With ScyllaDB as their only backend, they managed to reduce operational costs while benefiting from core architectural paradigms like predictable data distribution and processing capacity, idempotence. I have to admit that I am personally quite proud to see this cool new use of ScyllaDB’s shard-per-core architecture. 🙂 I hope it inspires others to use it for their own trailblazing projects.

Watch Numberly’s talk

Read Numberly’s blog

ShareChat

About: ShareChat provides India’s leading multilingual social media platform (ShareChat) and India’s biggest short video platform (Moj). ShareChat serves 180M Monthly Active Users and Moj serves 300M Monthly Active Users. Together, they are changing the way the next billion users will interact on the internet.

Migration: Their cloud provider’s DBaaS + some Cassandra instances to ScyllaDB

Use Case: Customer Experience

Takeaways: This is a team with a lot of achievements to share! Just a couple months ago, ShareChat’s Geetish Nayak provided an overview of their rapid ScyllaDB ramp up and expansion to ~50 use cases in a detailed webinar. And now they shared two more technical talks at ScyllaDB Summit.

Charan Movva talked about ShareChat handles the aggregations of a post’s engagement metrics/counters at scale with sub-millisecond P99 latencies for reads and writes (note that they operate at the scale of 55k-60k writes/sec and 290k-300k reads/sec, respectively). By rethinking how they handle events – by using ScyllaDB with their existing Kafka Streams – they were to maintain ultra-low latency while reducing database costs by at least 50%.

Anuraj Jain and Chinmoy Mahapatra also introduced us to the live migration framework they designed to move ~100TB of raw data for their various use cases over to ScyllaDB without downtime or even any noticeable latency hits. It’s a very rich framework, with support for both counter and non-counter use cases, support for Go, Java, and Node.js, fallback, recovery, auditing, and support for many corner cases. If you’re thinking of moving data into ScyllaDB, definitely take a look. I’m truly amazed by what this entire team has achieved so far and look forward to partnering with them on what’s next.

Watch ShareChat’s talk (Charan)

Watch ShareChat’s talk (Anuraj and Chinmoy)

Watch the Webinar (Geetish)

SecurityScorecard

About: SecurityScorecard aims to make the world a safer place by transforming the way thousands of organizations understand, mitigate, and communicate cybersecurity.

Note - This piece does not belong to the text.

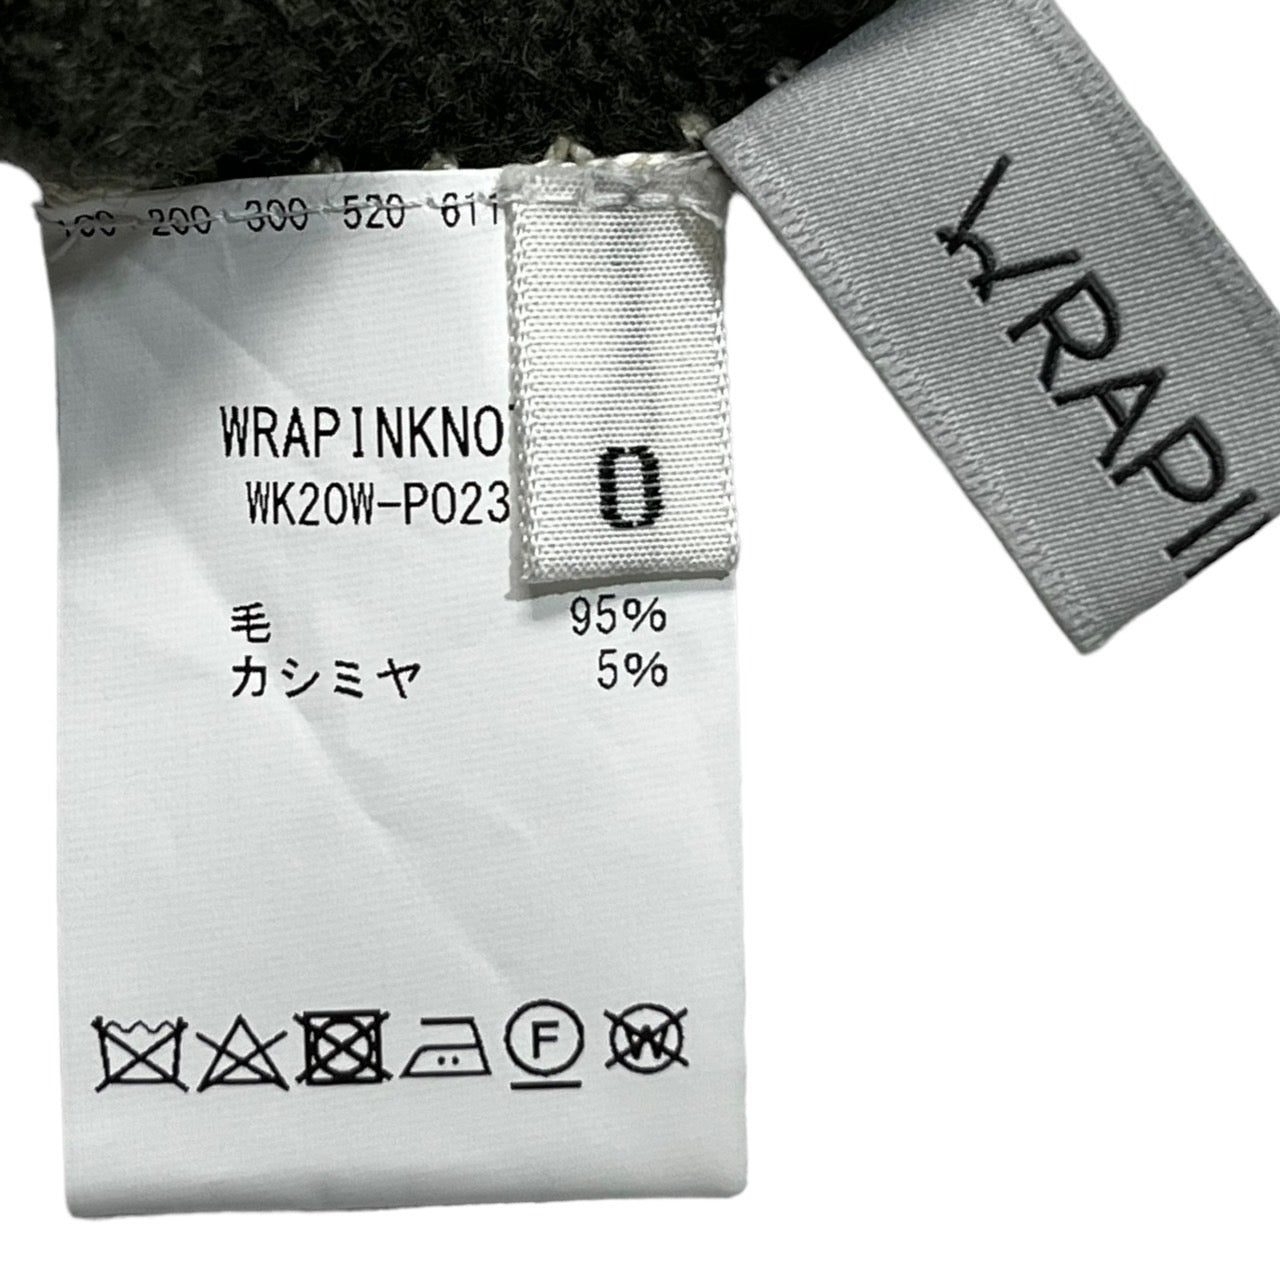 WRAPINKNOT(ラッピンノット) High neck stitch design knit ハイネック ステッチ デザインニット WK20W-P023 SIZE 0(FREE) カーキ×ホワイト

Their rating platform is an objective, data-driven and quantifiable measure of an organization’s overall cybersecurity and cyber risk exposure.

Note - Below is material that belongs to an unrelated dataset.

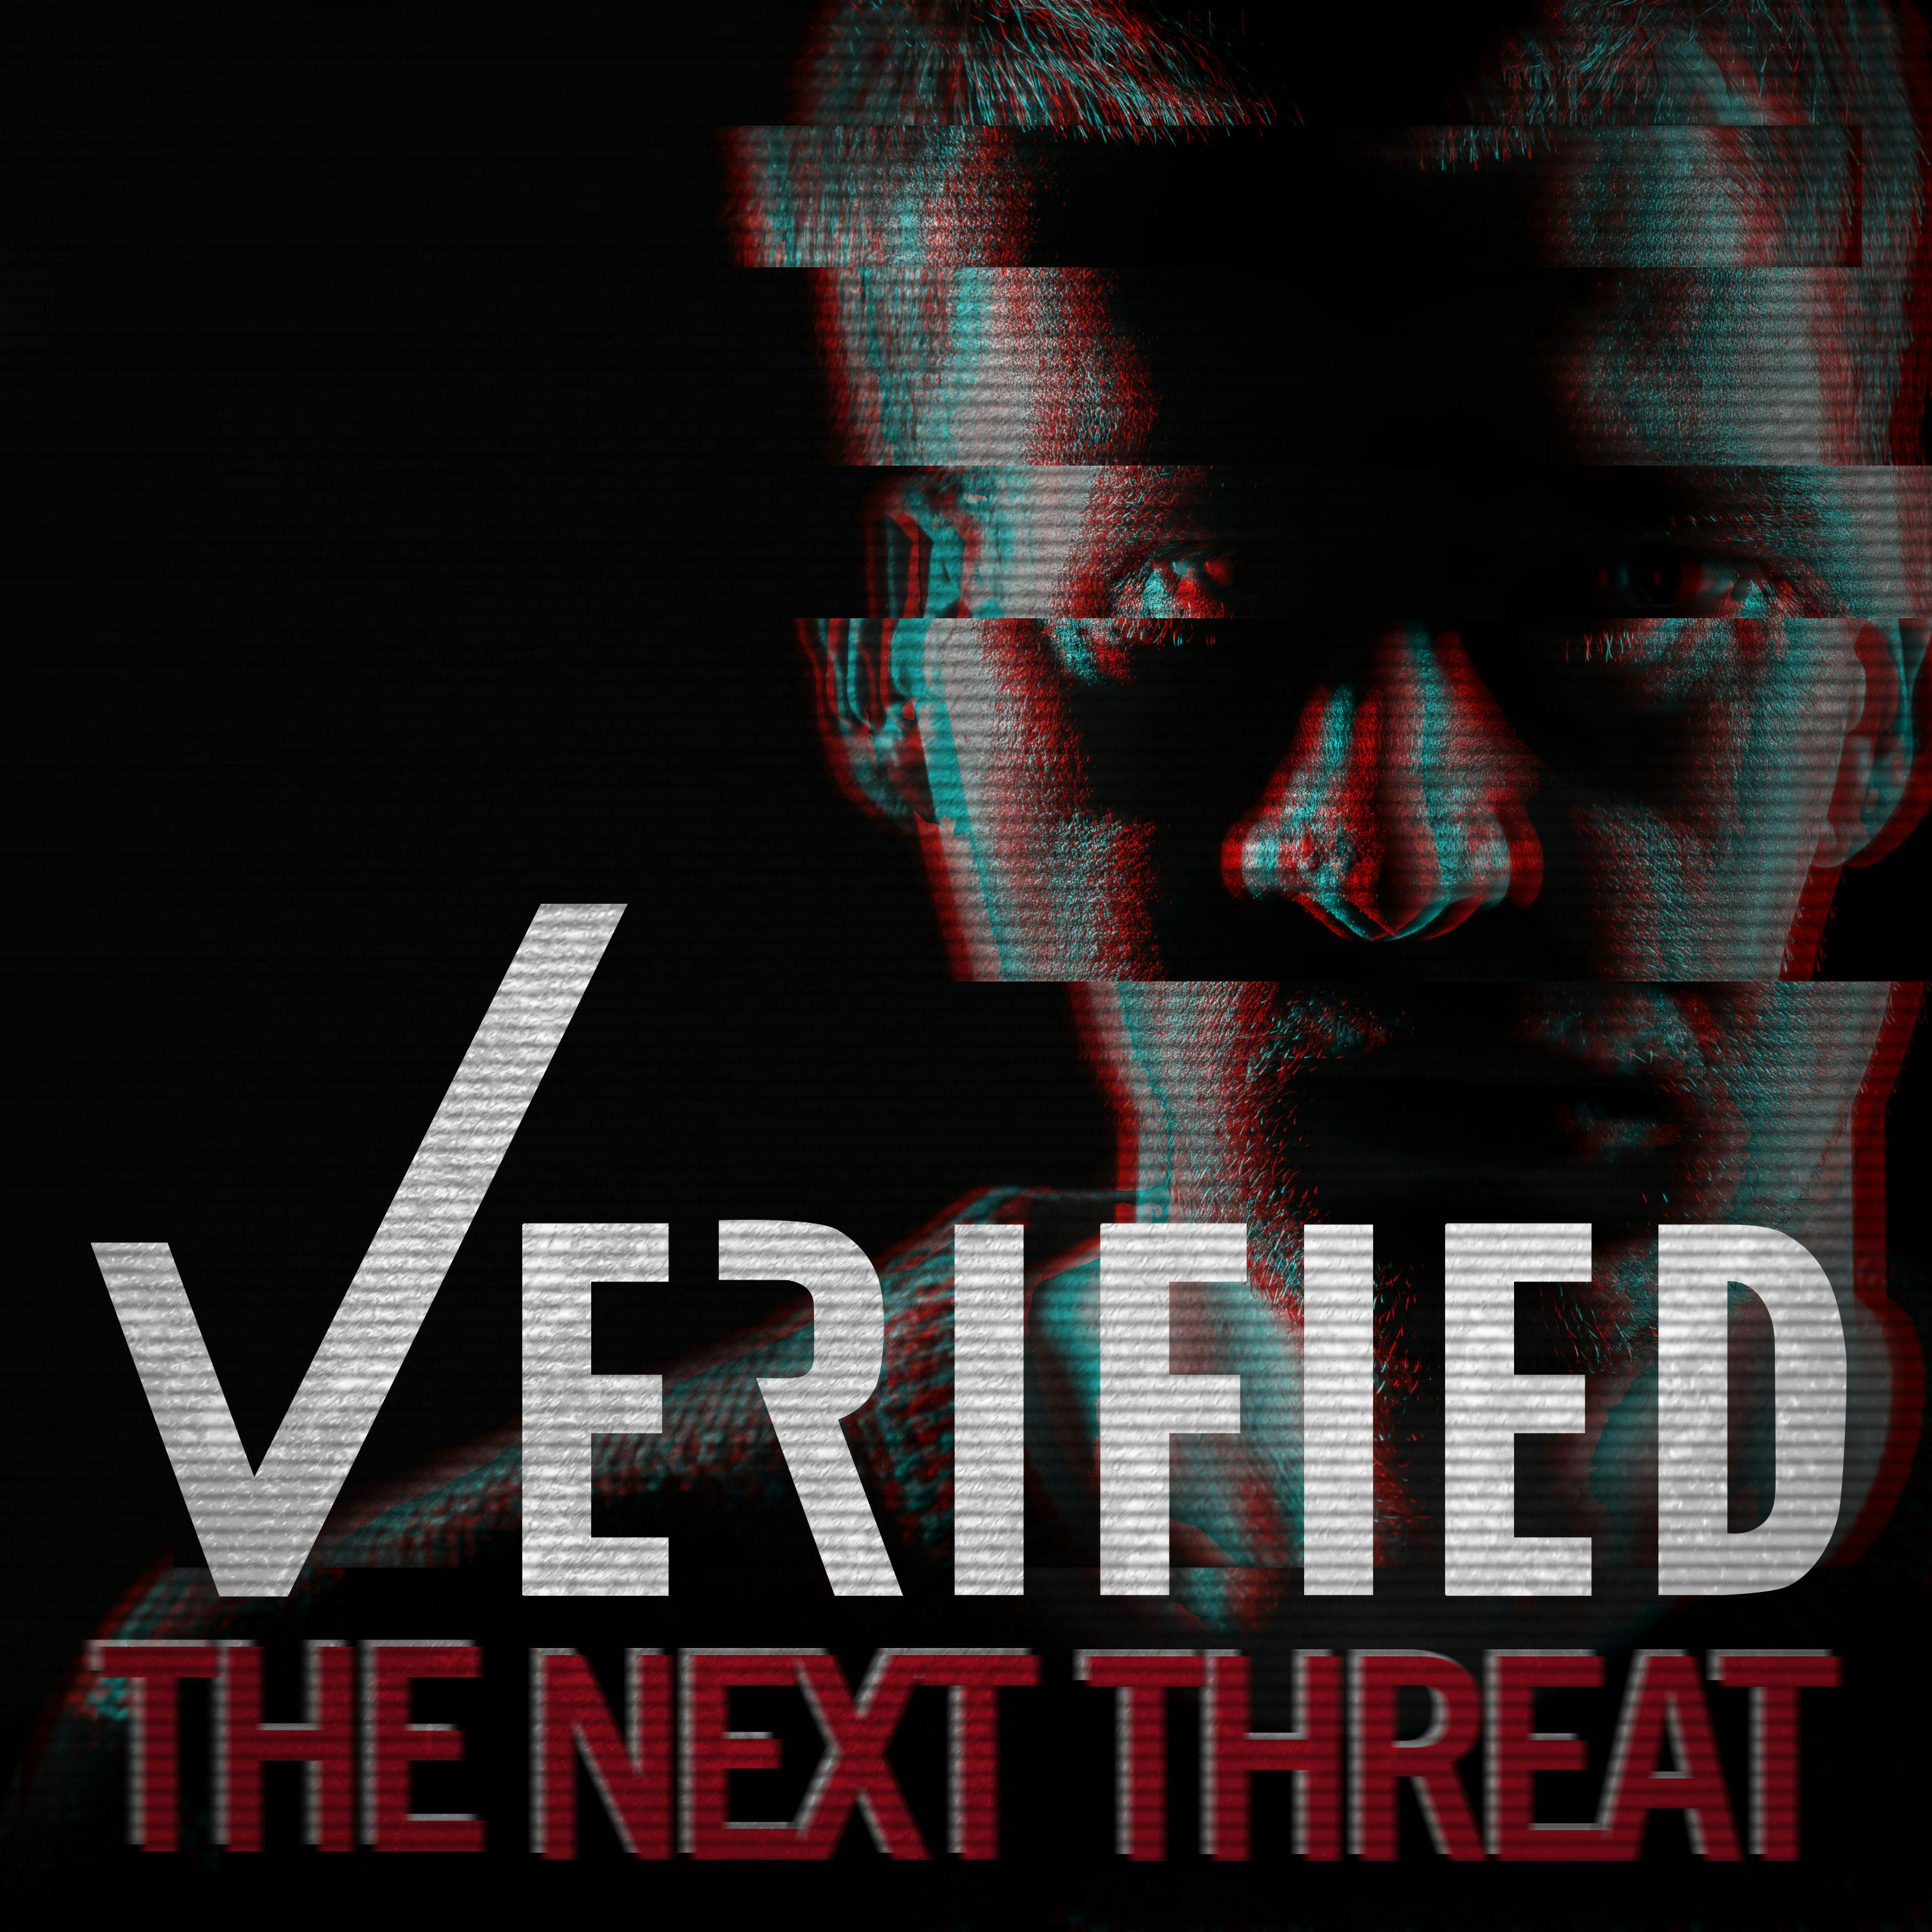 Introducing Verified: The Next Threat

Migration: Redis, Aurora, and Presto + HDFS to ScyllaDB and Presto + S3

Use case: Fraud & thread detection

Takeaways: You can read the explanation before or just skip to their results slide that speaks for itself.

This is the first migration from Redis and Aurora to ScyllaDB that I’m aware of. Some data modeling work was required, but there were strong payoffs. Their previous data architecture served them well for a while, but couldn’t keep up with their growth. Their platform API queried one of three data stores: Redis (for faster lookups of 12M scorecards), Aurora (for storing 4B measurement stats across nodes), or a Presto cluster on HDFS (for complex SQL queries on historical results).

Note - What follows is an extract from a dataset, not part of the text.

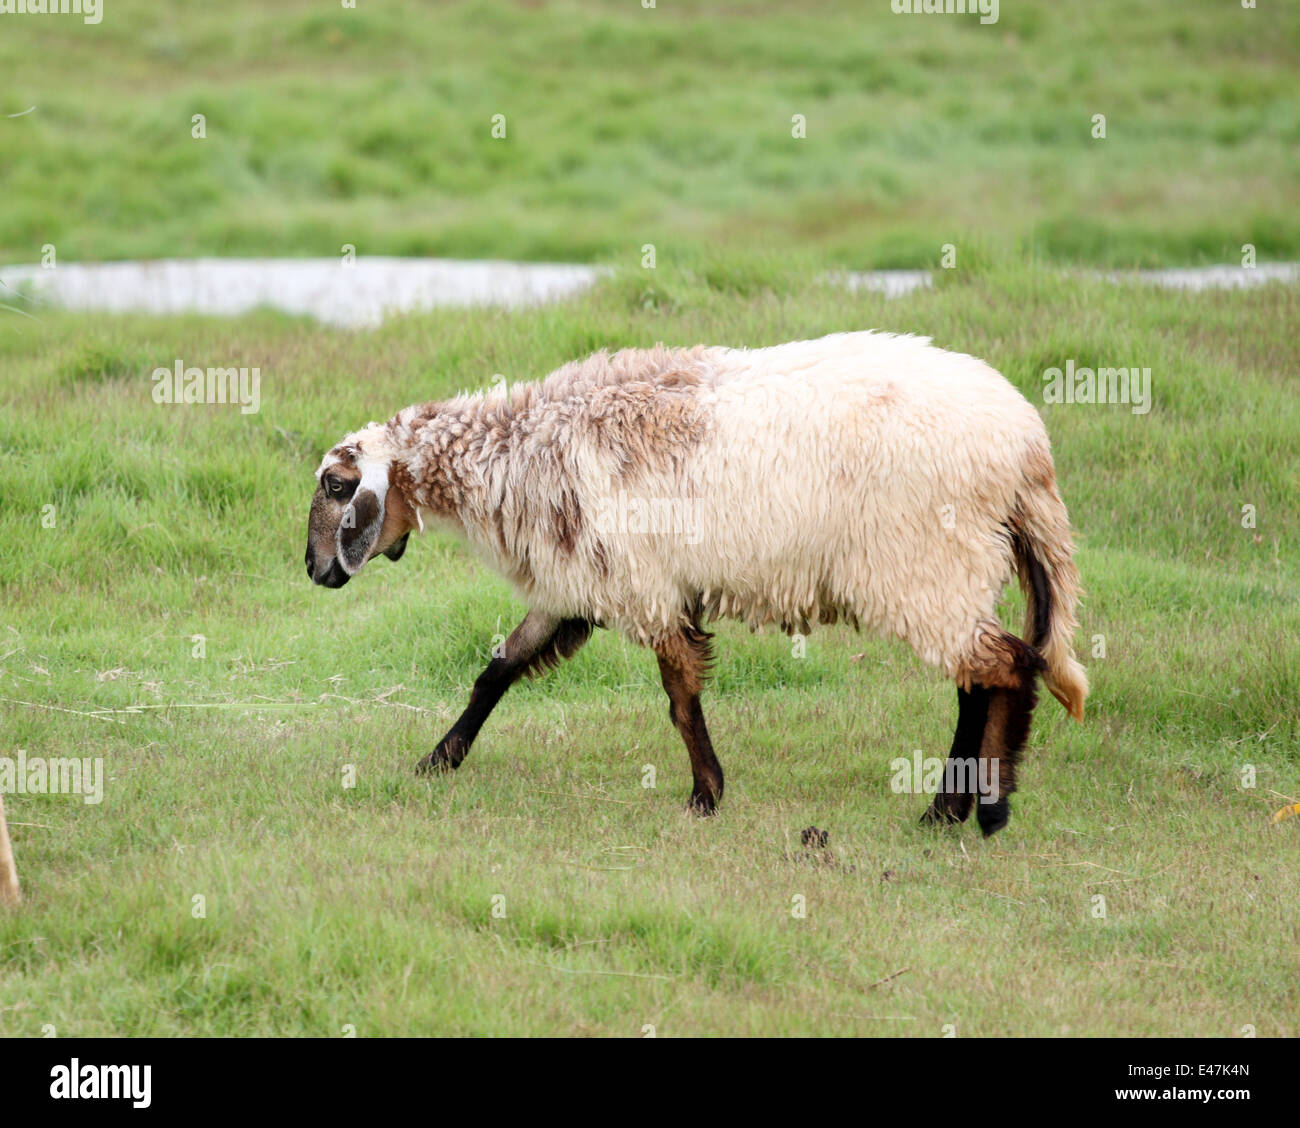 Sheep in the farm of Livestock. Stock Photo

As data and requests grew, challenges emerged. Aurora and Presto latencies spiked under high throughput. The largest possible instance of Redis still wasn’t sufficient, and they didn’t want the complexity of working with Redis Cluster. To reduce latencies at their new scale, they moved to ScyllaDB Cloud and developed a new scoring API that routed less latency-sensitive requests to Presto + S3 storage. Look at the slide below to see the impact:

Watch SecurityScorecard’s talk

Strava

About: Strava is the largest sports community in the world. Strava’s platform enables 100M+ athletes across 195 countries to connect and compete by sharing data collected via 400+ types of devices throughout the day.

Use Case: IoT

Migration: Cassandra to ScyllaDB

Takeaways: As an avid mountain biker, I’m quite a fan of Strava – so it was fun to see the architecture behind Strava platform’s segment tracking, matched rides, performance metrics, route discovery, etc. After an overview of the overall architecture, Phani Teja talked about a few of the use cases they recently moved from Cassandra to ScyllaDB. Horton is a flexible scalar value store for activity data such as distance, max/avg speed, max/avg heart rate, bikeID, shoeID, and so on. Segments is a write-heavy use case that stores athletes’ progress reports on segments and loads them into their feeds. And Neogeo is read-heavy (with a fair volume of writes) use case that stores encoded map styles for static images.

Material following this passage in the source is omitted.